Альберт был не в восторге от отцовской идеи. Признаться честно, он не помнит, когда бывал в восторге вообще, даже в детстве клоуны и салюты вызывали у него скорее раздражение, чем реальную радость. О чем он не забывал говорить перед каждым своим днем рождения, однако отец каждый раз устраивал в его честь чуть ли не парад.

Но здесь дело другое! Он был в бешенстве! И это самое бешенство вызывало даже звук имени будущей избранницы. Мария Молотова...Слишком гордо звучит. Манька! Вот как ее называли в школе, так и никак иначе. Альберт не то, чтобы ненавидел девушку, но их вражда началась еще в первом классе, когда он сообщил ей, что в своей школьной форме девочка похожа на зефирного монстра из «Охотников за привидениями», а та сразу же ударила его пышным букетом по голове и розовые шипы поцарапали ему щеку.

Меньшее, что Альберту сейчас хотелось – это иметь хоть какие-то дела с этой вздорной, неуравновешенной и совершенно неотесанной девицей. Он не видел ее пять лет, но прекрасно помнил, как та выглядела в школьные годы. Крепыш ростом ему по плечо и в два раза шире, с руками и ногами такими мускулистыми, что ей впору было на борьбу записываться, а не в кружок кройки и шитья. Впрочем, она без всяких секций и так постоянно дралась с пацанами, лазила на деревья и бегала по гаражам. Какой скандал был, когда Манька провалилась сквозь крышу одного такого гаража! Повезло еще, что там хозяин постройки хранил всякое старое тряпье и приземление было мягким. Альберт сразу предполагал такой исход, потому что этот «колобок» никогда не отличался изящностью походки и, в отличие от юрких мальчишек, не мог порхать по крышам как заправский ниндзя из «Наруто». Гаражи огородили и решили сносить под предлогом, что это опасно для детей. На самом деле, произошло это как нельзя кстати, потому что буквально на следующий день после того, как Машка почувствовала себя птичкой, на другом конце города обнаружился маньяк, заманивающий детей в гаражи и там расчленяющий и у власти, появился дополнительный повод избавиться от столь опасного элемента городского ландшафта.
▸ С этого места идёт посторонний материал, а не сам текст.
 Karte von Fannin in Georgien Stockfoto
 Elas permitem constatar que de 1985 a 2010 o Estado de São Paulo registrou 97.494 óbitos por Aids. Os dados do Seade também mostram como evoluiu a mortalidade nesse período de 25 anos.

Пока Альберт зачитывался книжками в библиотеке, она пропадала на суконном заводе, лазила в механизмы, так что в школу всегда приходила покалеченная, и досаждала рабочим. Они ее, конечно, ругали, но как-то без охоты, будто бы и сами были рады тому, что их работу прерывает неугомонная девчонка. Оно и понятно, среди этих плакатных советских людей она была как рыба в воде. Такая же румяная, здоровая, советская ударница. Ударяла по всему, что ей нравится и не нравится. А кроме того, еще и являла собой образ сытого и довольного жизнью советского человека. Вообще нонсенс!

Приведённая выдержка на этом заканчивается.